I am not sure I understand. Where would we trigger IPIs?
lru_add_drain_all relies on workqueus.

> the pages of a
> single process are not likely to be spread out across more than a few
> CPUs.

Then we can simply only flushe lru_lazyfree_pvecs which should reduce
the unrelated noise from other pagevecs.

> The error when reading a specific smaps should be completely ok.
>
> In numbers: even if your process is madvising from 16 different CPUs,
> the error in its smaps file will peak at 896K in the worst case. That
> level of concurrency tends to come with much bigger memory quantities
> for that amount of error to matter.

It is still an unexpected behavior IMHO and an implementation detail
which leaks to the userspace.

> IMO this is a non-issue.

I will not insist if there is a general consensus on this and it is a
documented behavior, though.

--
Michal Hocko
SUSE Labs

2017-03-01 20:24:50

by Johannes Weiner

[permalink] [raw]

Subject: Re: [PATCH V5 6/6] proc: show MADV_FREE pages info in smaps

On Wed, Mar 01, 2017 at 02:36:24PM +0100, Michal Hocko wrote:
> On Fri 24-02-17 13:31:49, Shaohua Li wrote:
> > show MADV_FREE pages info of each vma in smaps.
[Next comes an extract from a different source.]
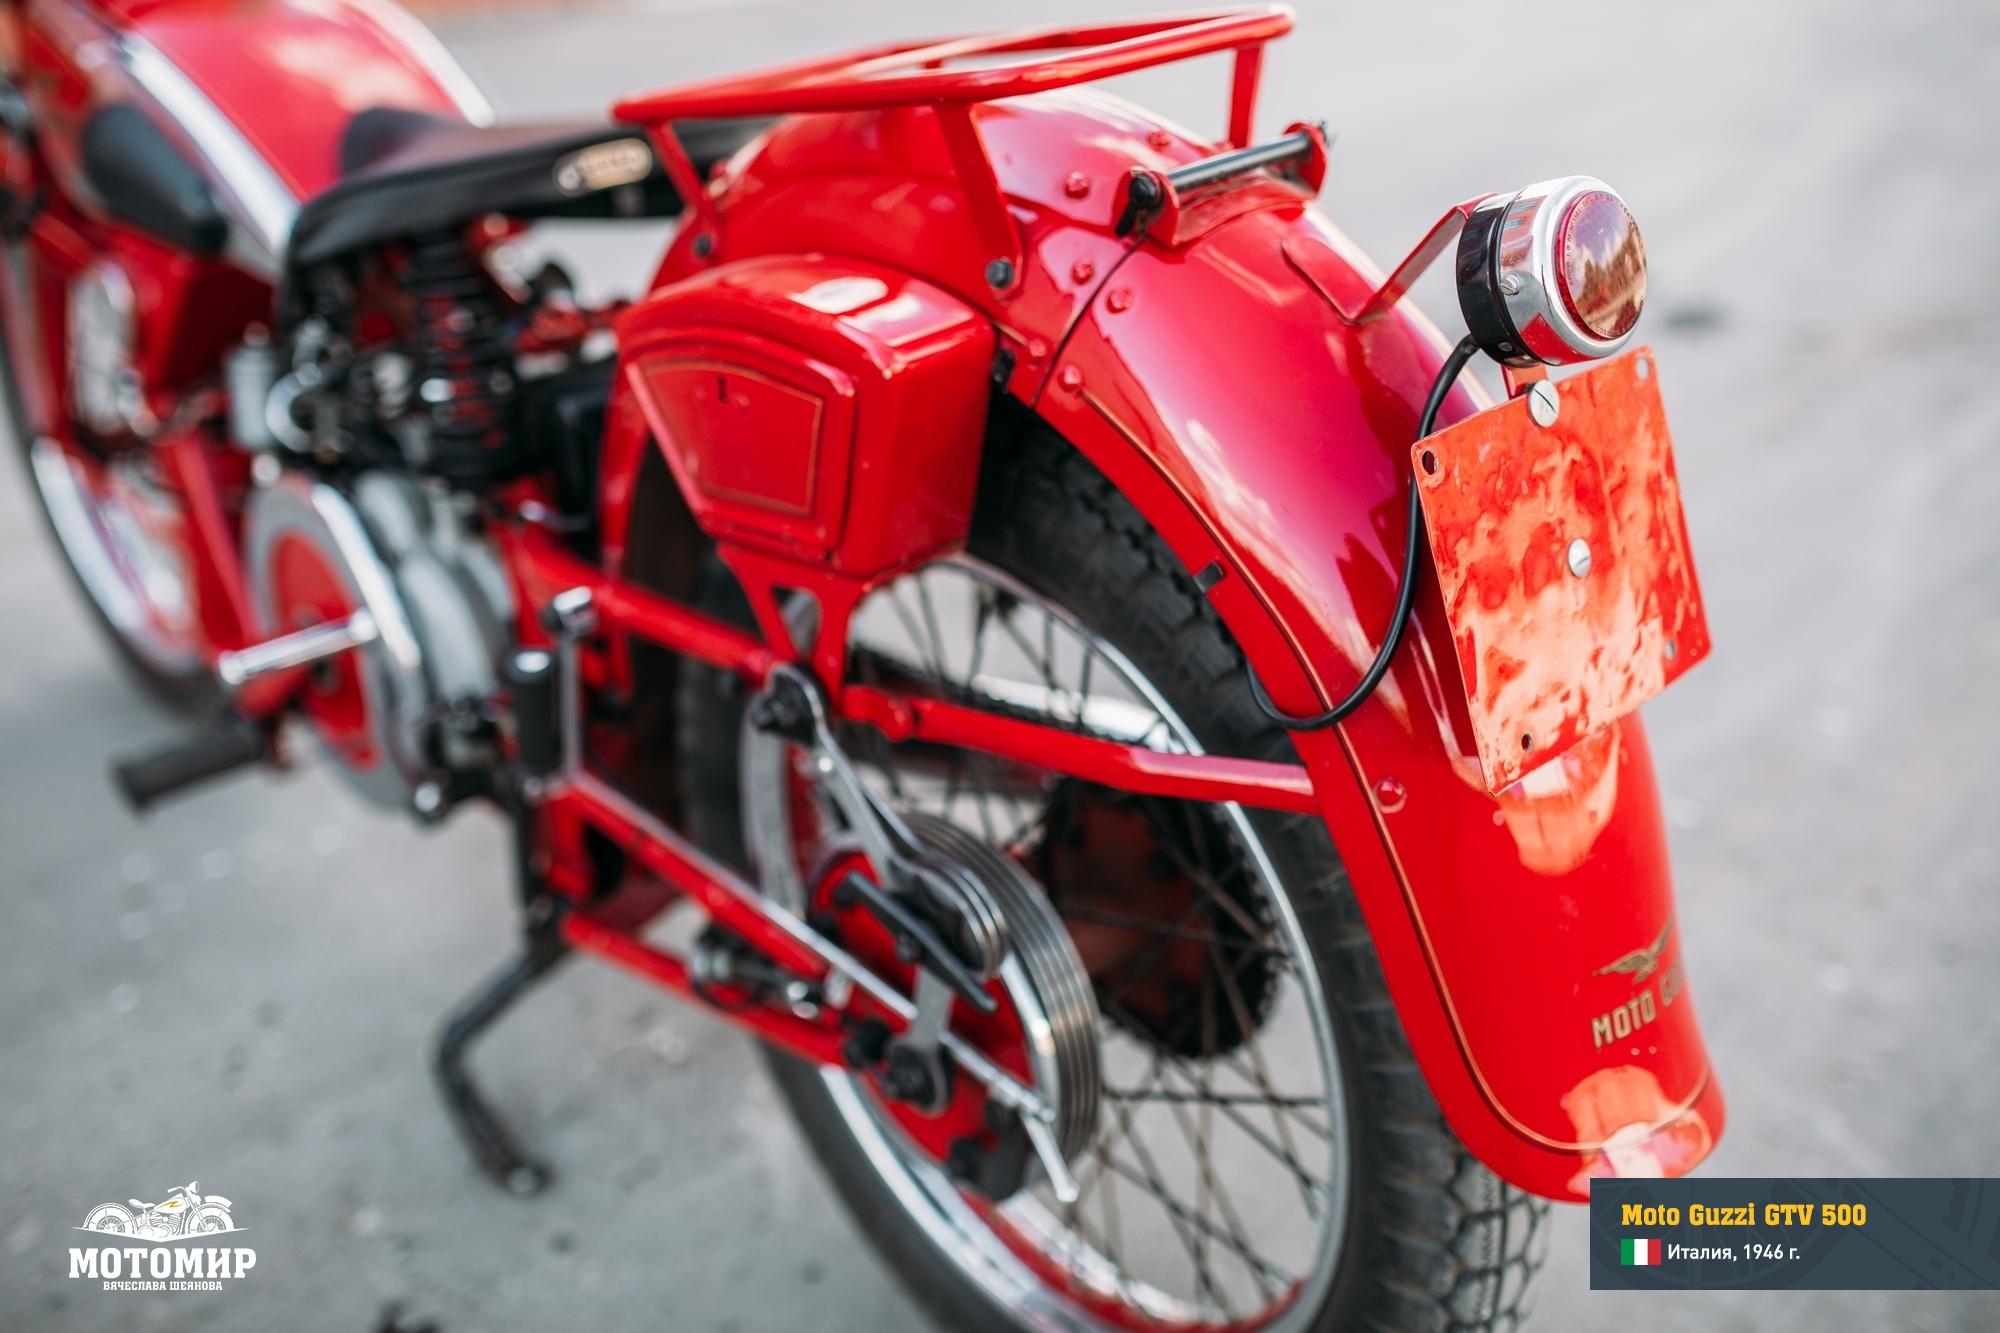 moto-guzzi-gtv-500-201509-web-25

The interface is for
> > diganose or monitoring purpose, userspace could use it to understand
> > what happens in the application. Since userspace could dirty MADV_FREE
> > pages without notice from kernel, this interface is the only place we
> > can get accurate accounting info about MADV_FREE pages.
>
> I have just got to test this patchset and noticed something that was a
> bit surprising
>
> madvise(mmap(len), len, MADV_FREE)
> Size: 102400 kB
> Rss: 102400 kB
> Pss: 102400 kB
> Shared_Clean: 0 kB
> Shared_Dirty: 0 kB
> Private_Clean: 102400 kB
> Private_Dirty: 0 kB
> Referenced: 0 kB
> Anonymous: 102400 kB
> LazyFree: 102368 kB
>
> It took me a some time to realize that LazyFree is not accurate because
> there are still pages on the per-cpu lru_lazyfree_pvecs. I believe this
> is an implementation detail which shouldn't be visible to the userspace.
> Should we simply drain the pagevec? A crude way would be to simply
> lru_add_drain_all after we are done with the given range. We can also
> make this lru_lazyfree_pvecs specific but I am not sure this is worth
> the additional code.
> ---
> diff --git a/mm/madvise.c b/mm/madvise.c
> index dc5927c812d3..d2c318db16c9 100644
> --- a/mm/madvise.c
> +++ b/mm/madvise.c
> @@ -474,7 +474,7 @@ static int madvise_free_single_vma(struct vm_area_struct *vma,
> madvise_free_page_range(&tlb, vma, start, end);
> mmu_notifier_invalidate_range_end(mm, start, end);
> tlb_finish_mmu(&tlb, start, end);
> -
> + lru_add_drain_all();

A full drain on all CPUs is very expensive and IMO not justified for
some per-cpu fuzz factor in the stats. I'd take hampering the stats
over hampering the syscall any day; only a subset of MADV_FREE users
will look at the stats.

And while the aggregate error can be large on machines with many CPUs
(notably the machines on which you absolutely don't want to send IPIs
to all cores each time a thread madvises some pages!), the pages of a
single process are not likely to be spread out across more than a few
CPUs. The error when reading a specific smaps should be completely ok.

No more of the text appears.